Удавка справедливости, крючья истины и дыба возмездия. Сам праведный гнев дьявола идет за вами по пятам с окровавленными розгами, идет вприпрыжку, повизгивая от наслаждения полнотой гнусности философии. Аскеза мысли — его конек. Факт — его любимая игрушка. Маньяк-убийца — любитель точности и схем, клетчатый мастер квадратиков, мастер нудных шахматных эндшпилей, когда пешки, не верящие в благородство, чудо и милосердие, ставят мат королю.
Я представил его. Мне стало не по себя. Он был большой. Весил он фунтов семьсот – восемьсот. В черном камзоле из китовой кожи, с двухаршинной шпагой на боку, длинное лошадиное лицо, петушиная огромная нога, перстень на мизинце с фальшивой стекляшкой, в боку дыра, в дыре что-то движется, чмокает. Он идет быстро, хромает и не обходит углы домов, не задевая за стены.

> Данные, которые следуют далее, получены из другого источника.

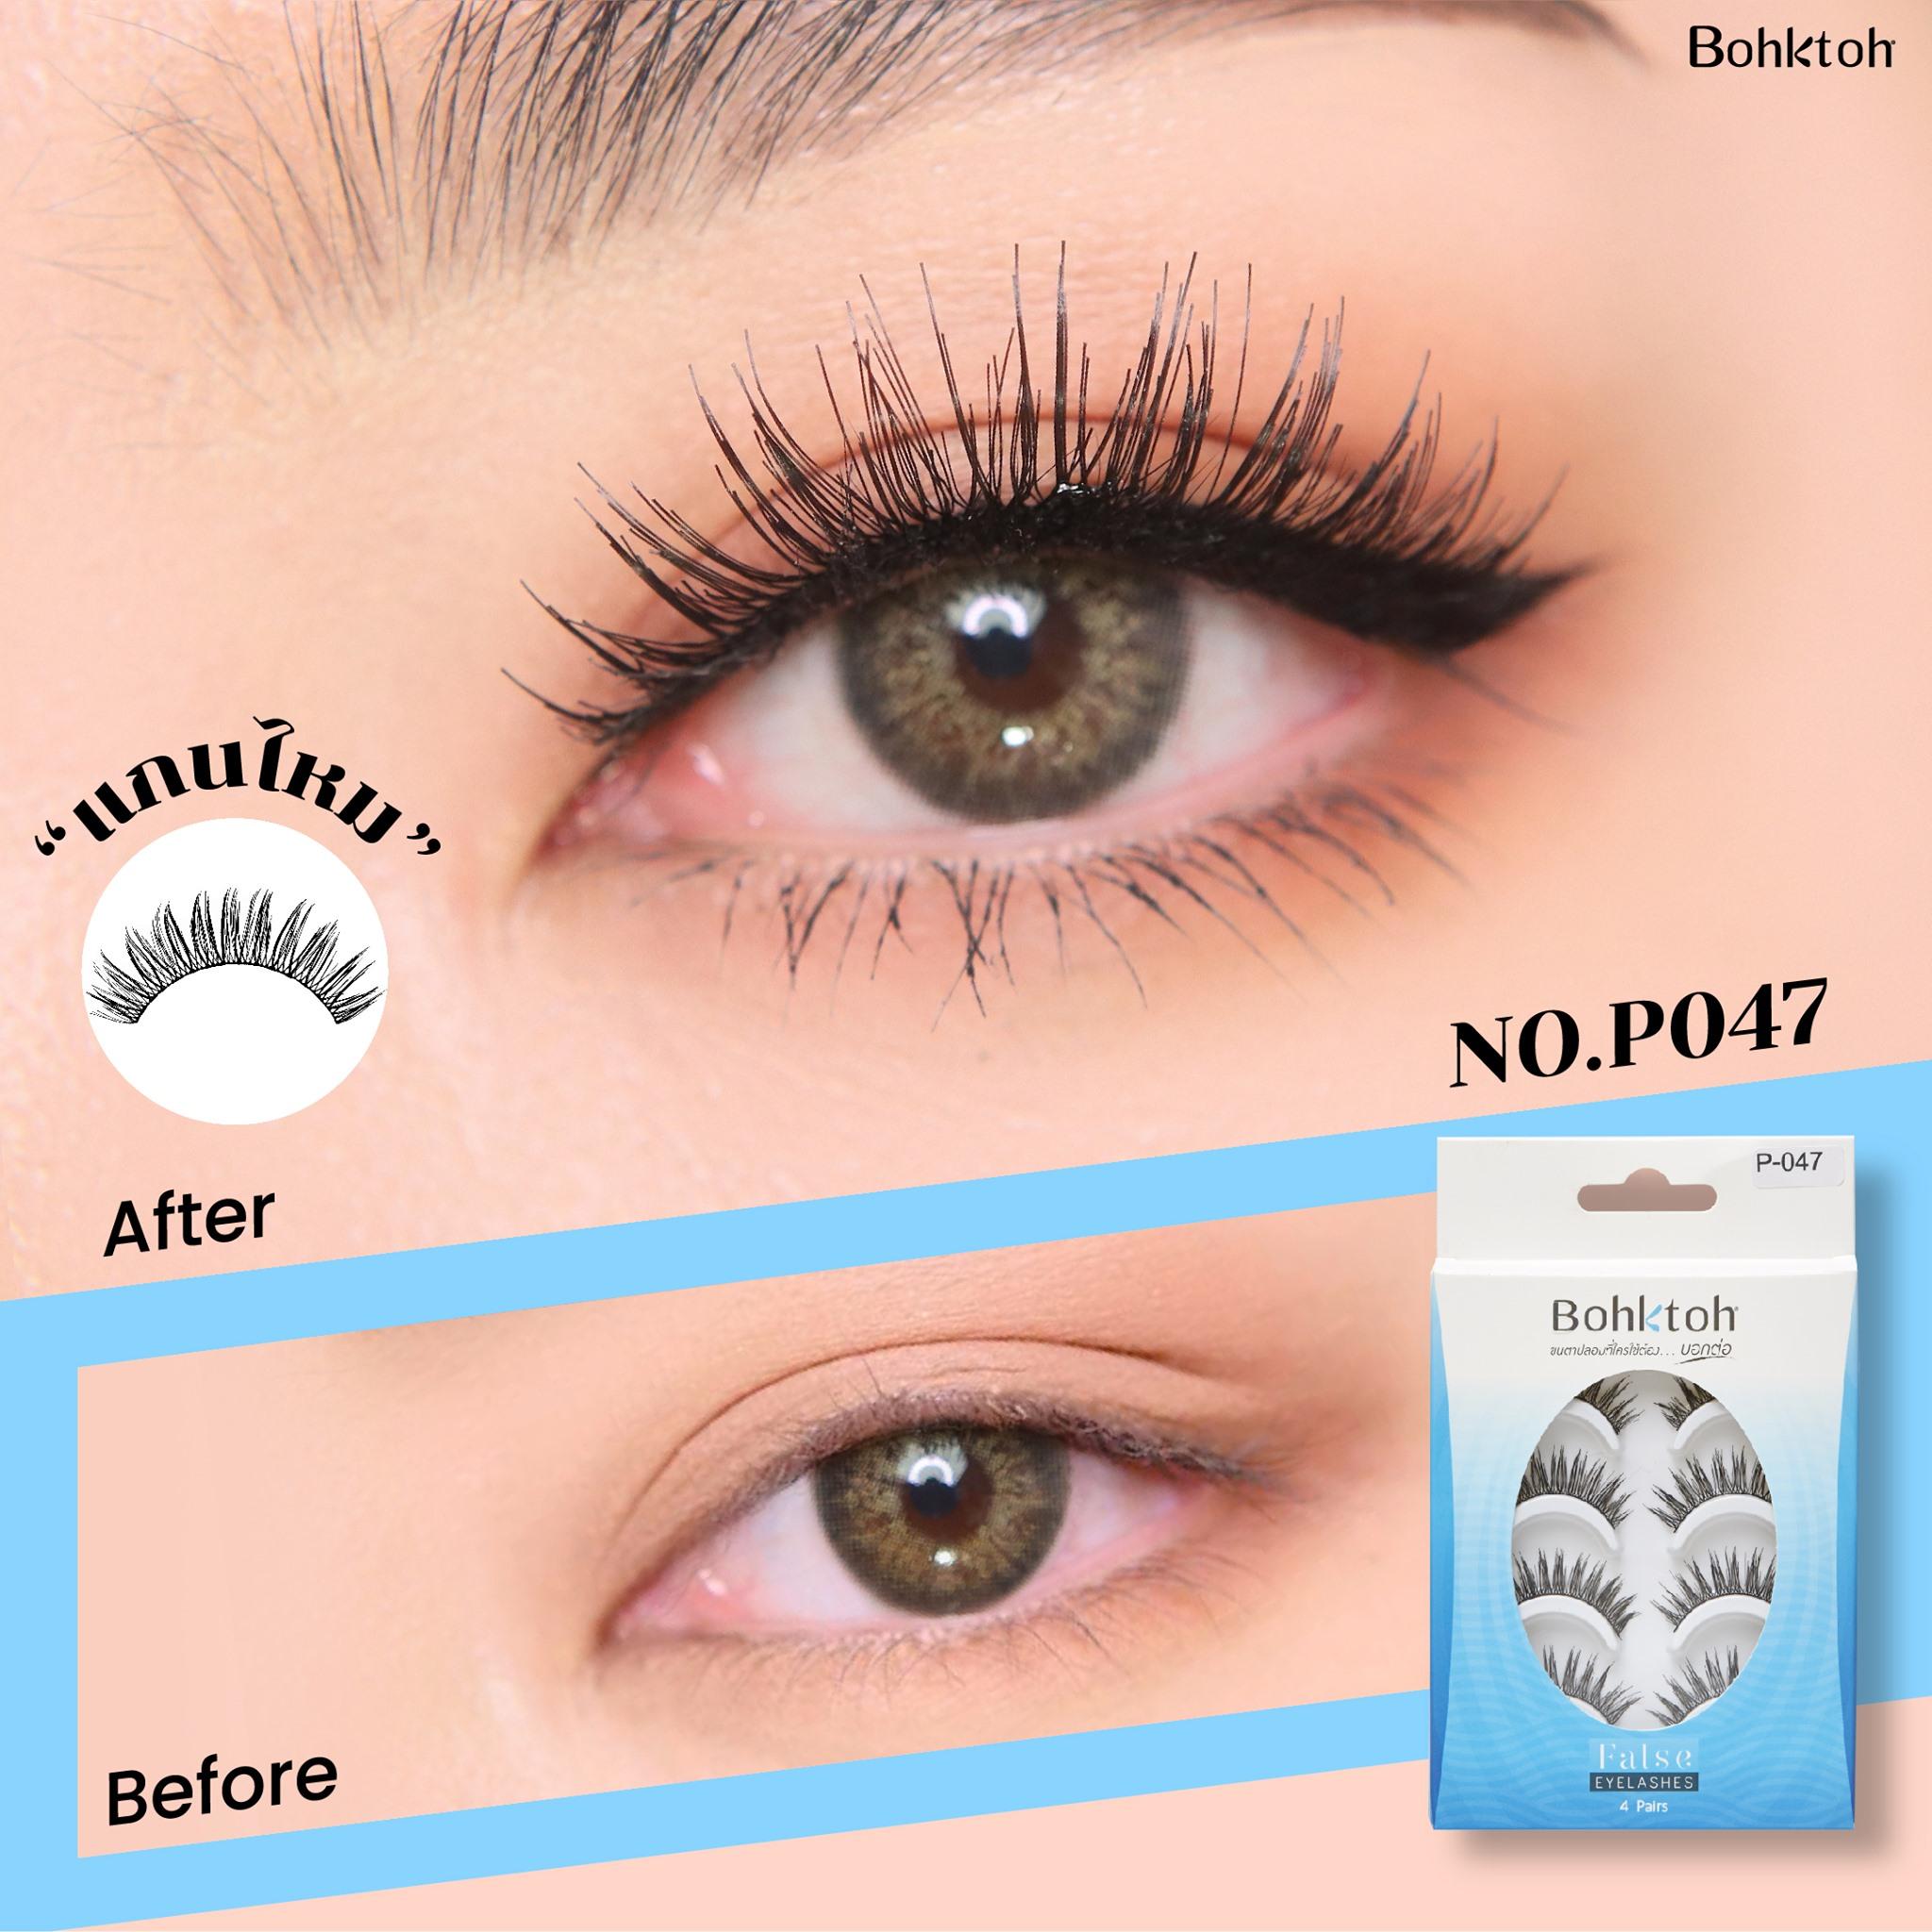 BOHKTOH False Eyelashes P047 (10 คู่)

Я испугался, что снова схожу с ума. Множество раз липкое безумие подкрадывалось ко мне во тьме подвала анконского маяка. Мне слышались голоса, казалось, что кто-то дышит рядом со мной или дотрагивается до спины. Всякое бывало со мной за это время. Я не смог совладать с собой, обернулся и никого не увидел. «Никого там и не было, — подумал я, — никто же не знает, что я иду прикончить старого тюремщика замка Муль. Это невозможно». Я прошёл ещё шагов пятьдесят и почувствовал затылком, что за мной следят. Значит, я повредился рассудком, а это очень плохо. Что теперь станет с моей дочерью? Я завернул за угол дома. Было темно. Я забился в какую-то щель около запертой двери и постарался дышать как можно тише. Из-за двери вкусно пахло хлебом. «Если вдруг у меня забурчит в животе — я пропал. Холодные скользкие руки высунутся прямо из каменной стены и сцепят пальцы у меня на горле», — подумал я, и в это время мимо быстро и уверенно прошёл человек. Он торопился, стуча каблуками и сопя на ходу. Было понятно, что он не прячется и собирается меня нагнать. Я не слишком хорошо его разглядел, но он был обычным человеком, и запаха серы я не почувствовал. У меня отлегло от сердца. Я понял, что это не сумасшествие. Человек ушёл, шаги его смолкли.
Тогда я выломал ставню в пекарне, возле которой прятался, похитил в подарок Азре несколько пирожков и один бублик, запрятал их за пазуху и вернулся к рыбакам на берег, где и уснул под перевёрнутой лодкой, напрочь позабыв о том, что хотел убить старика Луиджи.
Наша жизнь рушится, возрождается, делает заячьи петли, она играет с нами, мы верим, что всё всерьёз, пугаемся, чего не следует пугаться, или радуемся пустякам. А это блики на поверхности. Большие рыбы судьбы проплывают на глубине, в толще бытия они держат путь по звёздам, а звёзды идут по своим путям, не думая о тех, кто чувствует их свет во мраке.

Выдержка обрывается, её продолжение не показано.